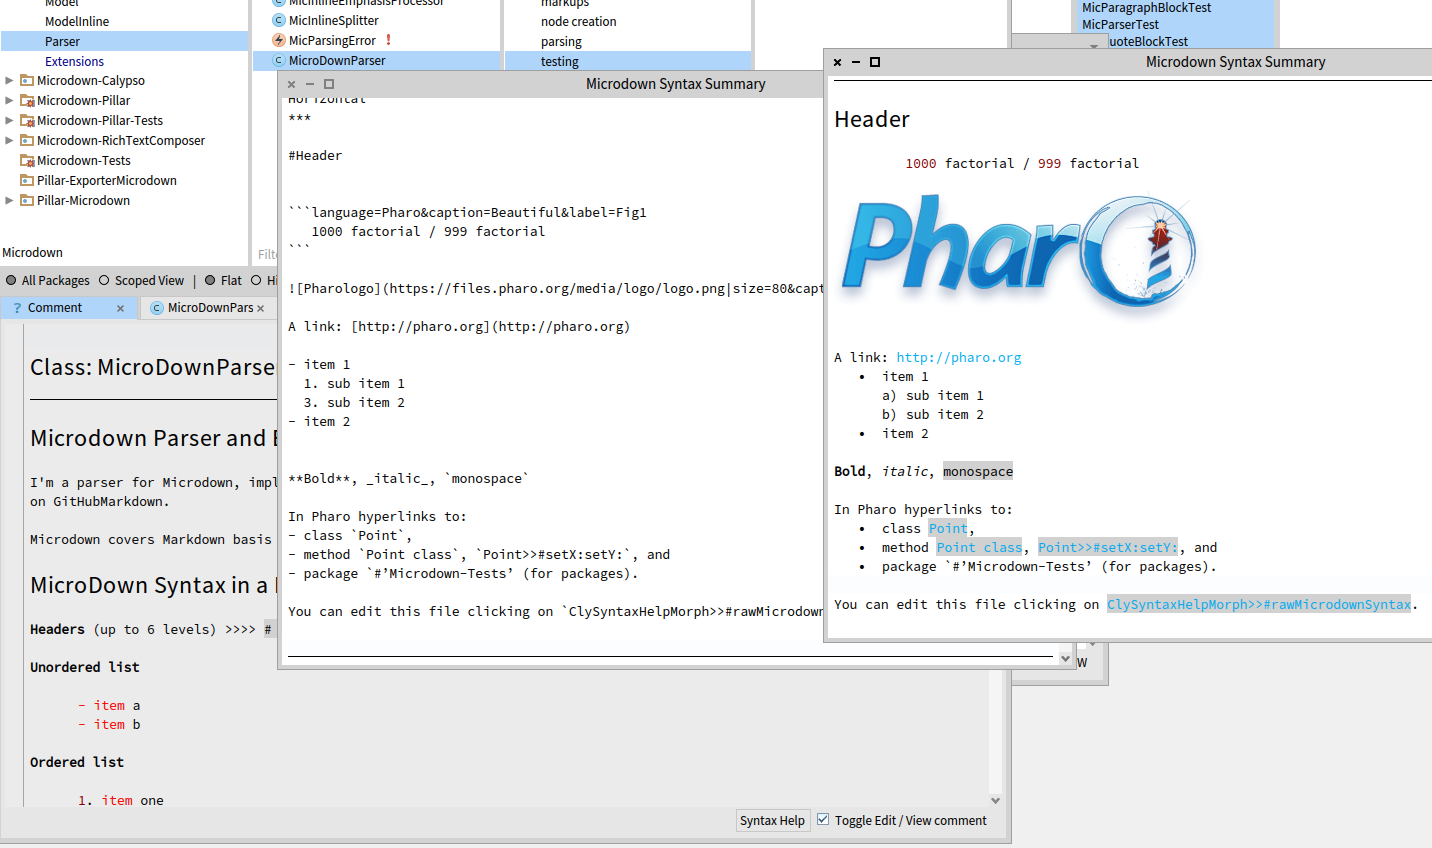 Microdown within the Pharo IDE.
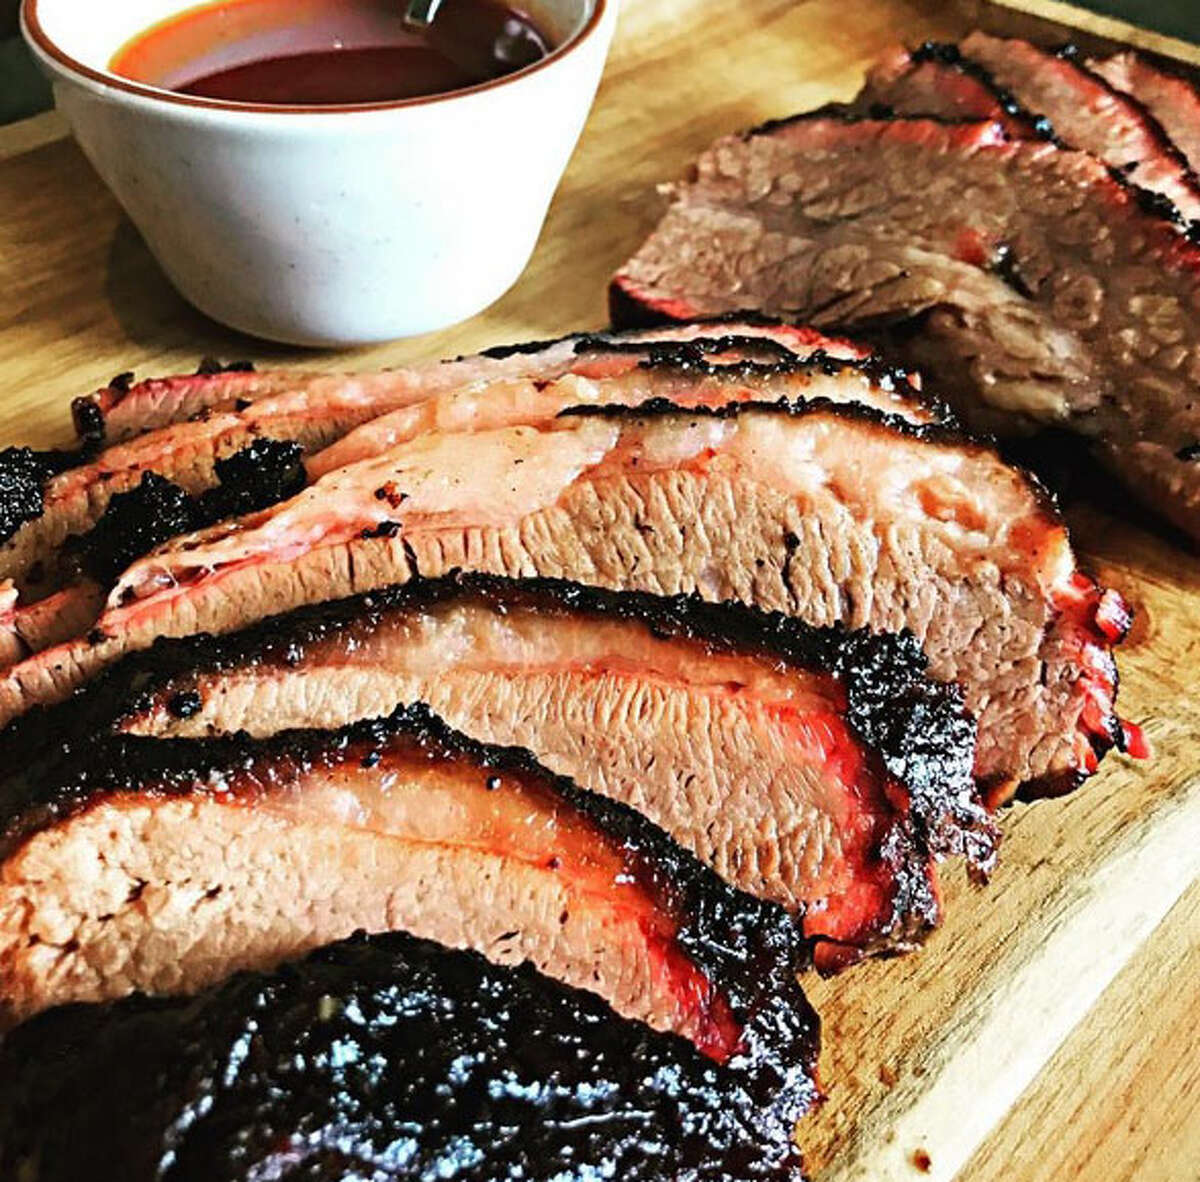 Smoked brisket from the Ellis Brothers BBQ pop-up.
---
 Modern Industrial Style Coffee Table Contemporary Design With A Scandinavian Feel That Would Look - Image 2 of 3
---
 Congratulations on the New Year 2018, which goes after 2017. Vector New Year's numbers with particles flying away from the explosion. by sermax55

- _PROMPT_: Both the line above containing "Microdown within the Pharo IDE." and the line containing "Smoked brisket from" belong in the copy, along with every line between them; print these exactly and omit the pictures.

- _RESULT FOR THIS TASK_:
 Microdown within the Pharo IDE.
 Smoked brisket from the Ellis Brothers BBQ pop-up.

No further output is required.